Managing Reproductive Disorders in Dairy Cows
Normal Ovarian Function in Cattle
In postpubertal cattle, two ovarian structures,
follicles and corpora lutea (CL), exist in various stages of growth or regression
during normal reproductive cycles. Unlike males, which continually produce
gametes throughout their life span, females recruit their gametes from a finite
population of oocytes established early during embryonic development. Folliculogenesis
is the process of forming mature follicles capable of ovulation from the pool
of nongrowing, primordial follicles in the ovary. As follicles grow, they
progress through several stages of development (Figure 1). In cattle, less
than 1% of the 100,000 follicles present at puberty will develop to maturity
and ovulate.
The primary functions of ovarian
follicles are: 1) to support and nurture a developing oocyte that is capable
of being fertilized after ovulation, 2) to secrete steroid hormones which
regulate the morphology and function of the reproductive organs as well as
reproductive behavior during estrus, and 3) to provide the precursor cells
that will luteinize and form the corpus luteum (CL) after ovulation (Iranni
and Hodgen, 1992).
Corpora lutea are transient endocrine gland
that form after ovulation from the tissues that previously constituted an
ovarian follicle. Luteal formation begins when increasing peripheral concentrations
of estradiol secreted by a developing follicle indirectly trigger a surge
of luteinizing hormone (LH) to be released from the anterior pituitary. This
LH surge initiates ovulation and luteinization of follicular granulosa and
thecal cells which shifts steroid biosynthesis from estrogens to progestins.

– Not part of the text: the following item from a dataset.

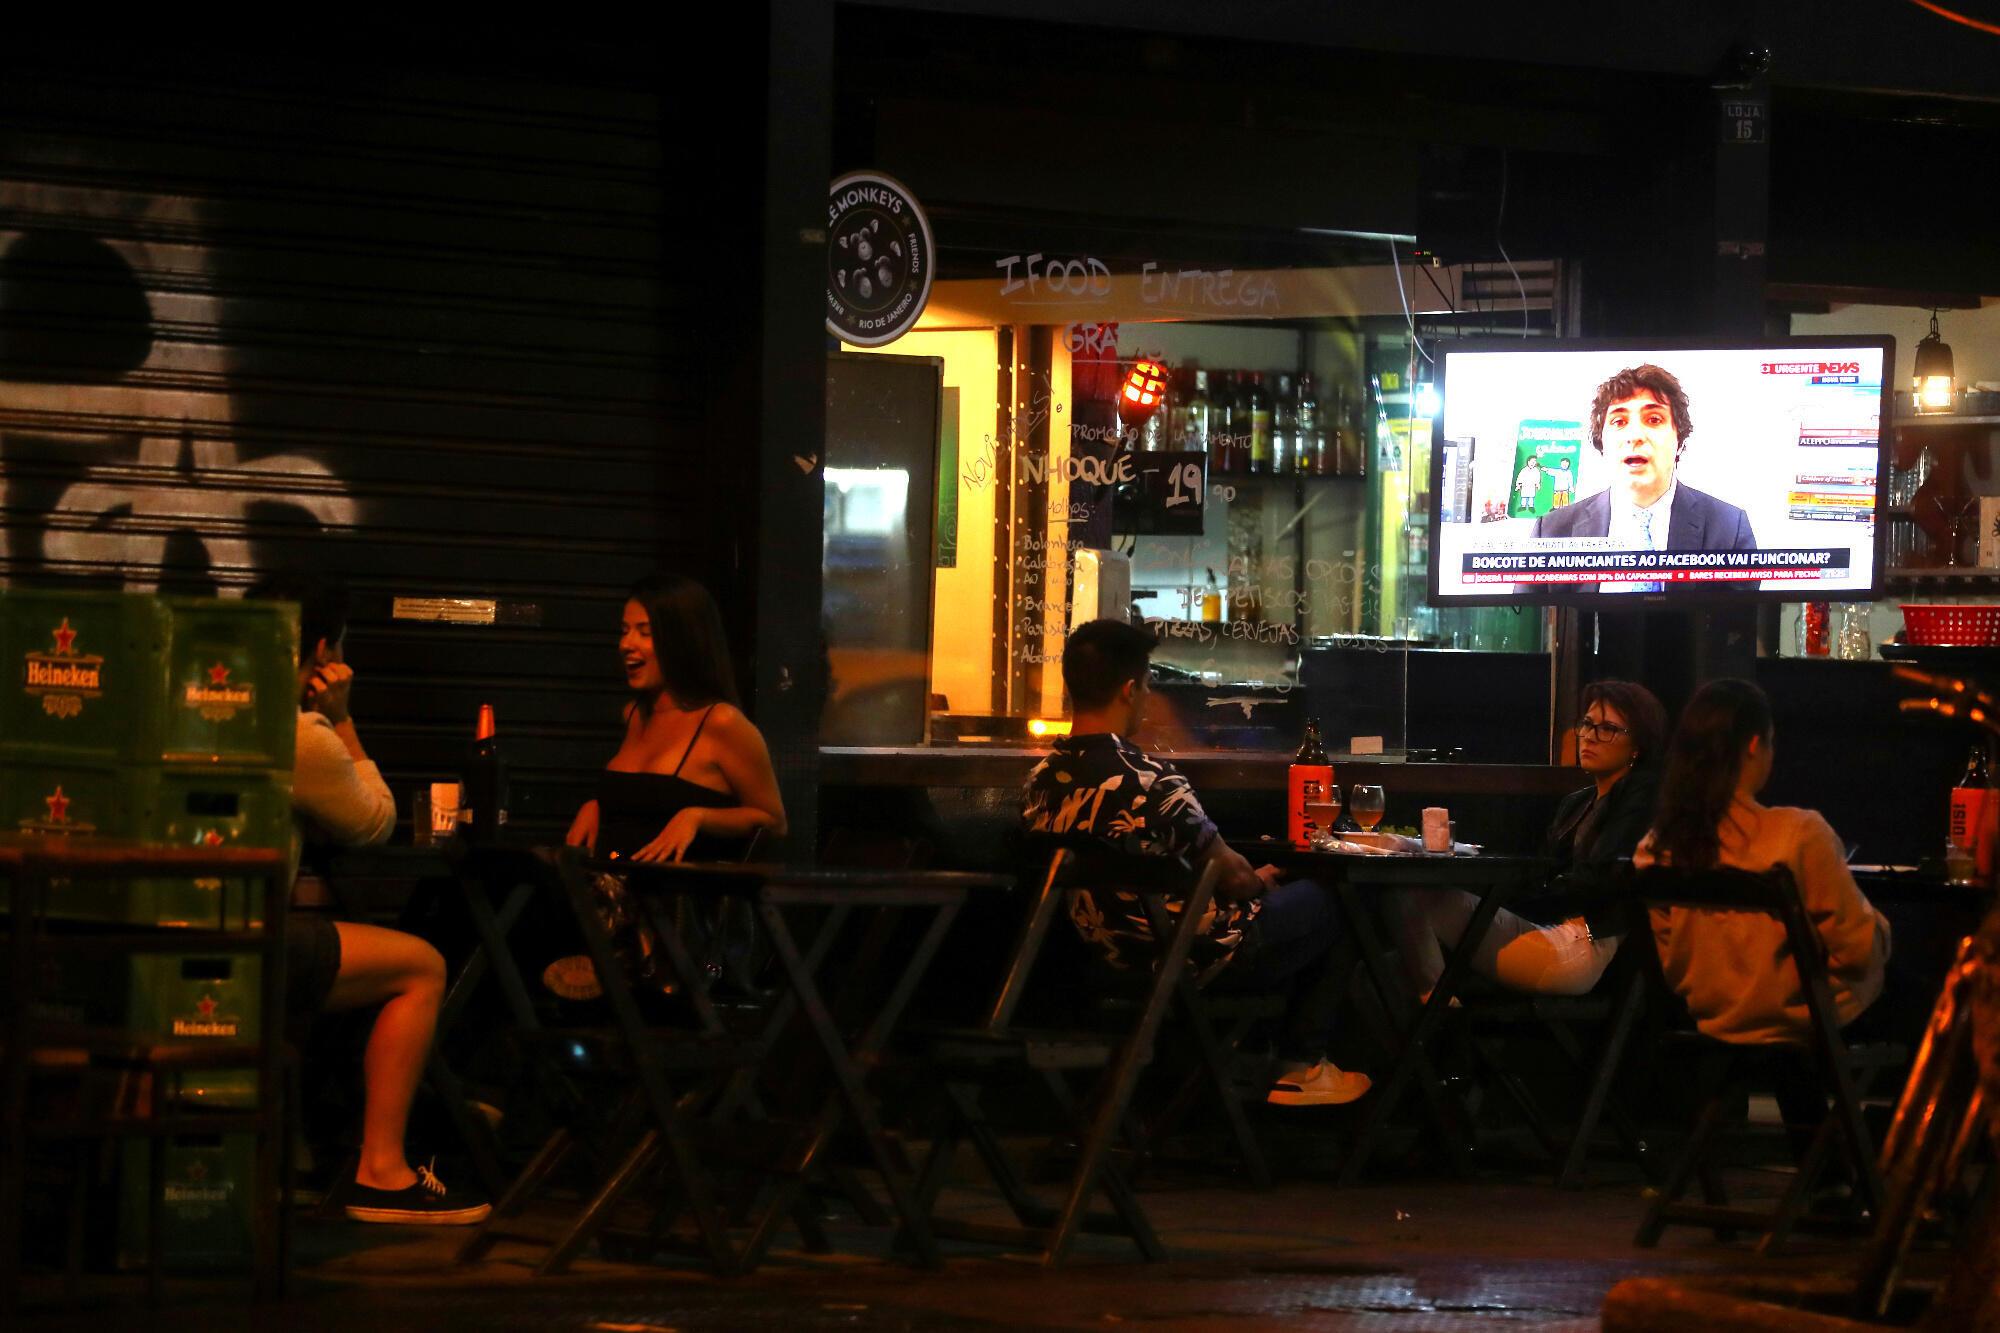 Dans un bar à Rio de Janeiro  qui a rouvert alors que la crise sanitaire est encore importante au Brésil, le 3 juillet 2020.

Progesterone is the primary steroid product of the CL, and it is required
for normal implantation and maintenance of pregnancy in cattle. If pregnancy
does not occur or fails to be established, the CL regresses in response to
prostaglandin F2a (PGF2a) secreted by the uterus (Brunner et al.,
1969; Boding, 1974). In nonpregnant cows, luteal regression normally occurs
around Day 16 to 18 after ovulation. Administration of PGF2a or one of its analogues from Day 6 to 16
after ovulation induces luteolysis in nearly all animals, whereas the CL is
refractory to PGF2a-induced luteolysis from Day 1 to 5 after
ovulation.
Follicular Waves
Scientific
studies using transrectal ultrasonography have led to clarification of the
nature of antral follicular development in cattle (Pierson and Ginther, 1984).

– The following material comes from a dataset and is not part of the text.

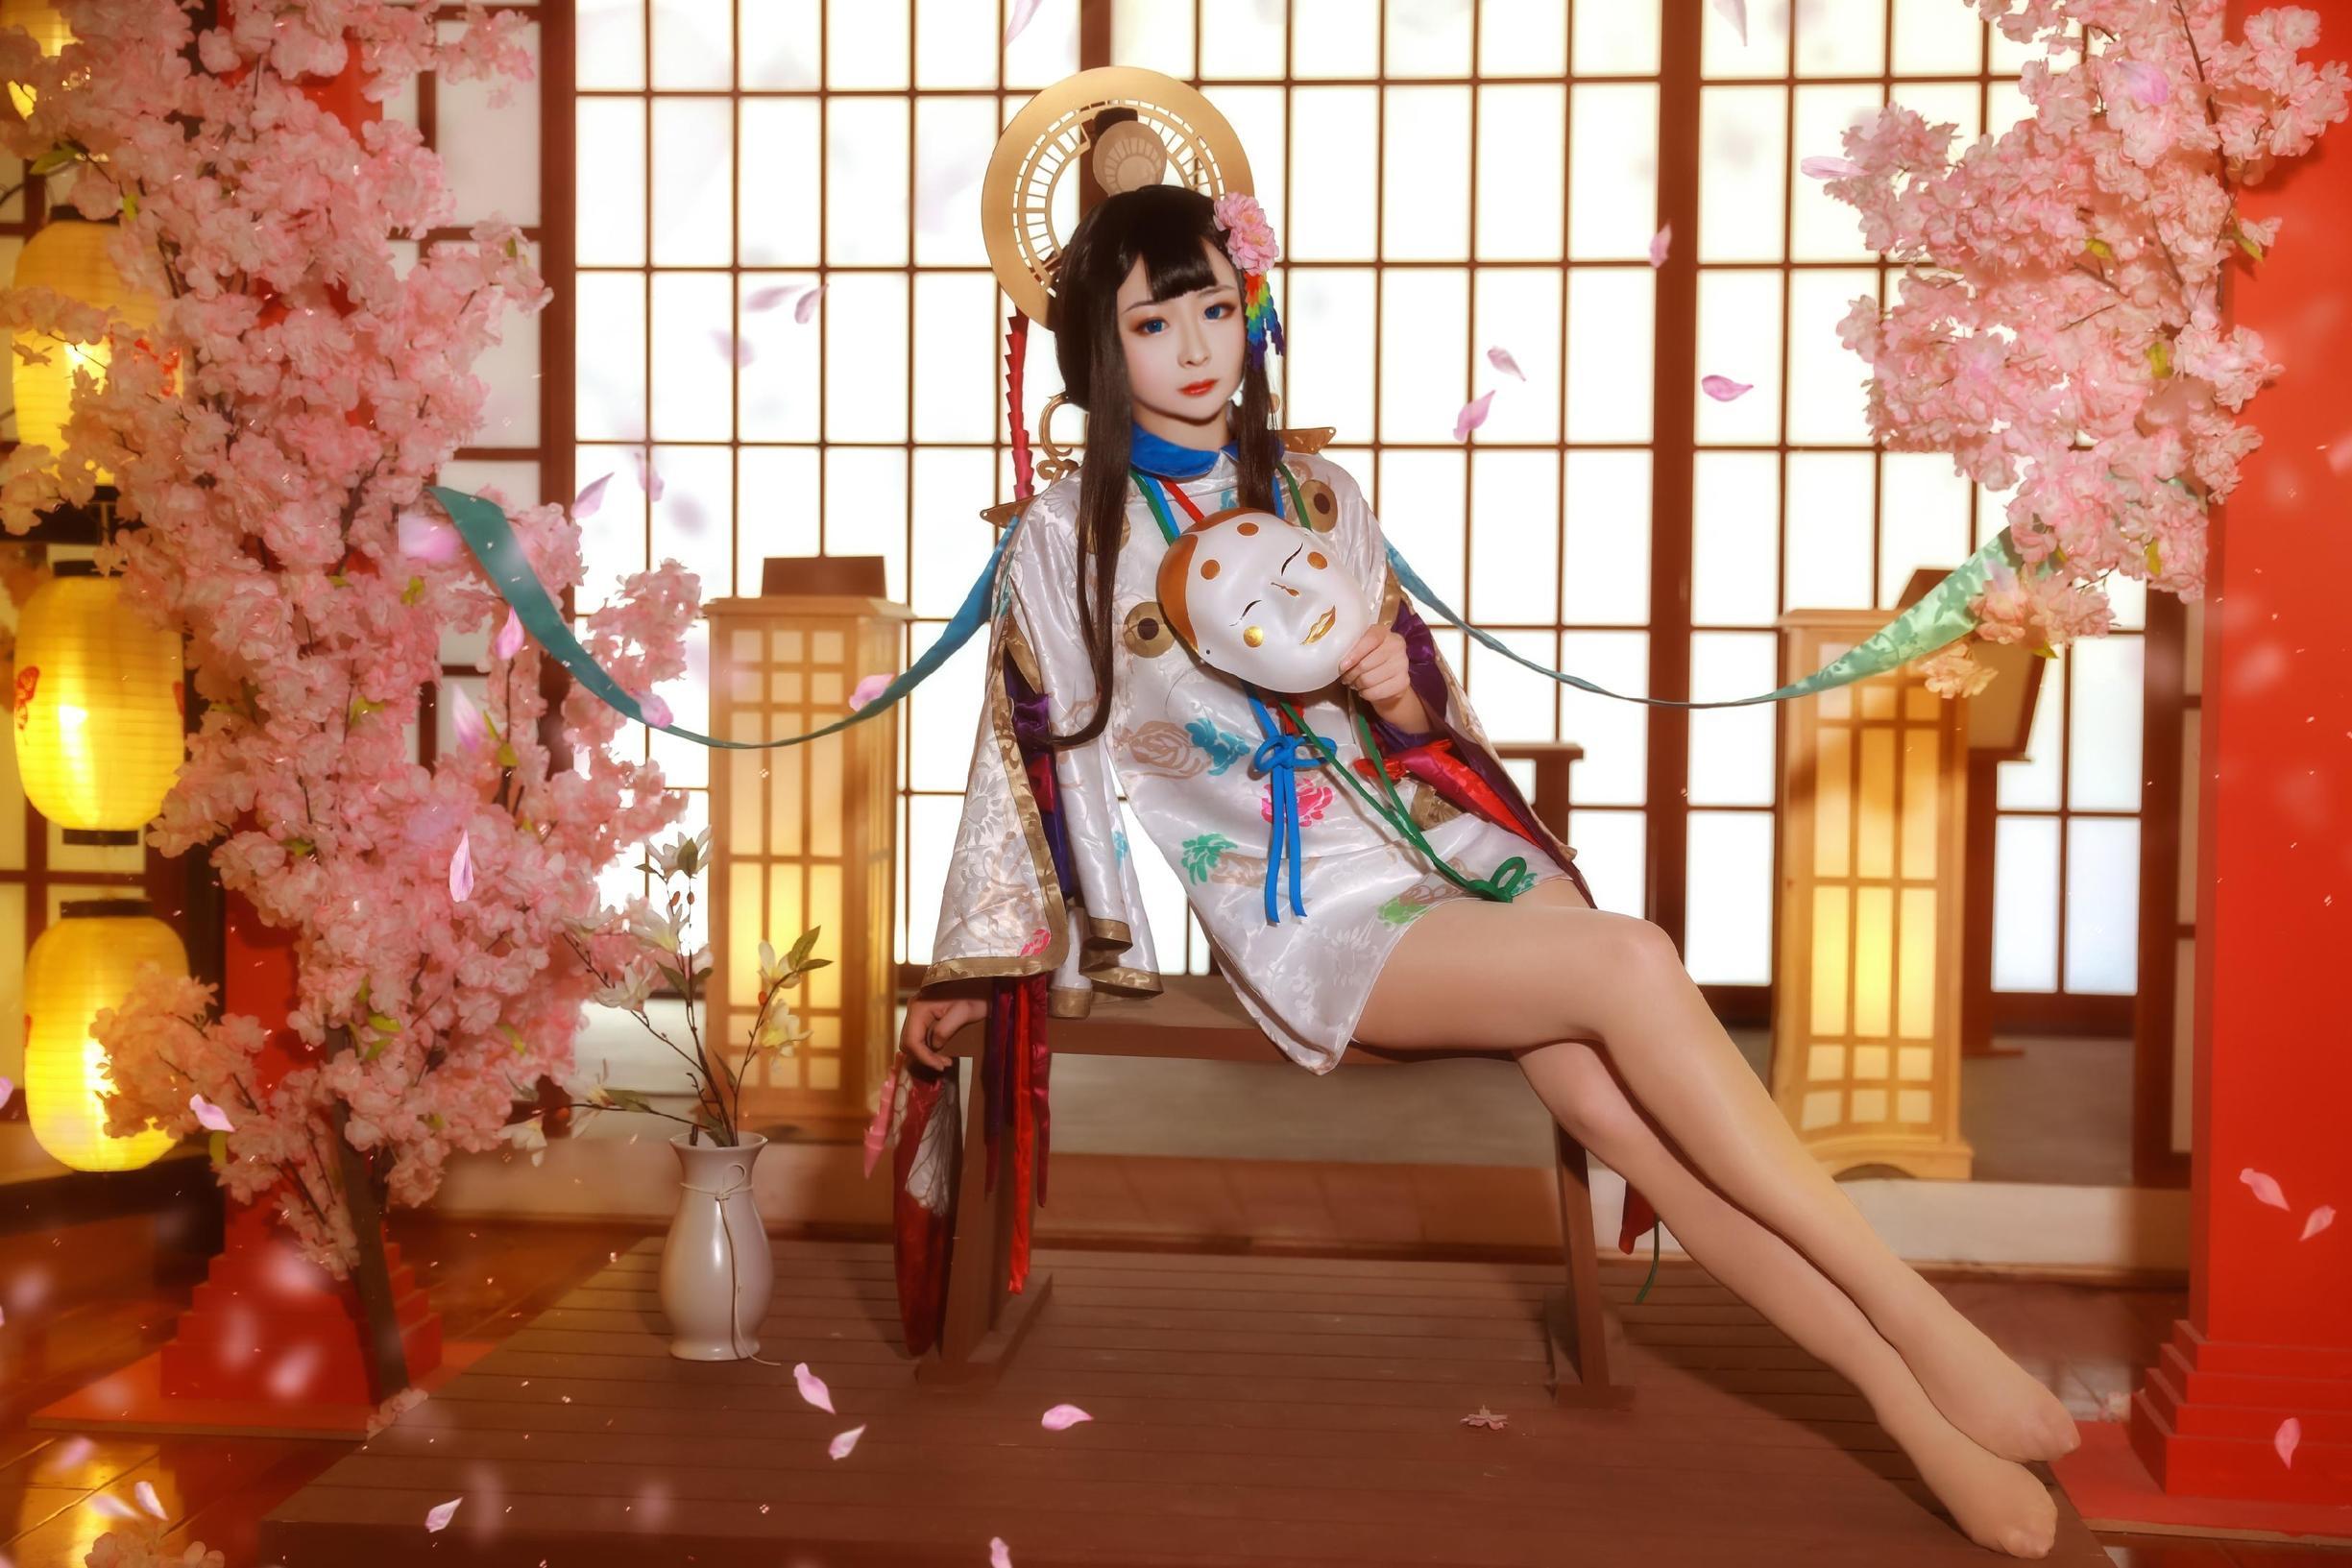 《阴阳师手游》游戏cosplay【CN:陞靥】 -涂山苏苏cosplay图片插图

The first studies using ultrasound revealed that follicular growth occurs
in waves, each wave culminating with formation of a large follicle (Figure
2).
A
follicular wave begins with emergence of a group or cohort of small antral
follicles just before the day of ovulation. During the next several days,
one of the follicles in this cohort continues to grow and becomes dominant,
thereby suppressing emergence of a new follicular wave. As the dominant follicle
continues to grow, growth of the remaining follicles in the cohort ceases
or slows, and these subordinate follicles eventually undergo atresia. A second
wave of growth emerges on approximately Day 10 after ovulation and, for three-wave
cycles, an additional wave emerges at Day 16 after ovulation. For both two
and three-wave cycles, the ovulatory follicle arises from the final wave (Ginther
et al., 1996).
Under
most circumstances, follicular waves ensure that only one follicle capable
of undergoing ovulation is present at any given time during the estrous cycle.
In general, primiparous and multiparous lactating dairy cows exhibit more
two-wave cycles, whereas nulliparous dairy heifers tend to exhibit more three
wave cycles. Some factors that may influence the number of waves per estrous
cycle in dairy cattle include dietary intake (Murphy et al., 1991) age, parity,
and lactational status (Lucy et al., 1992).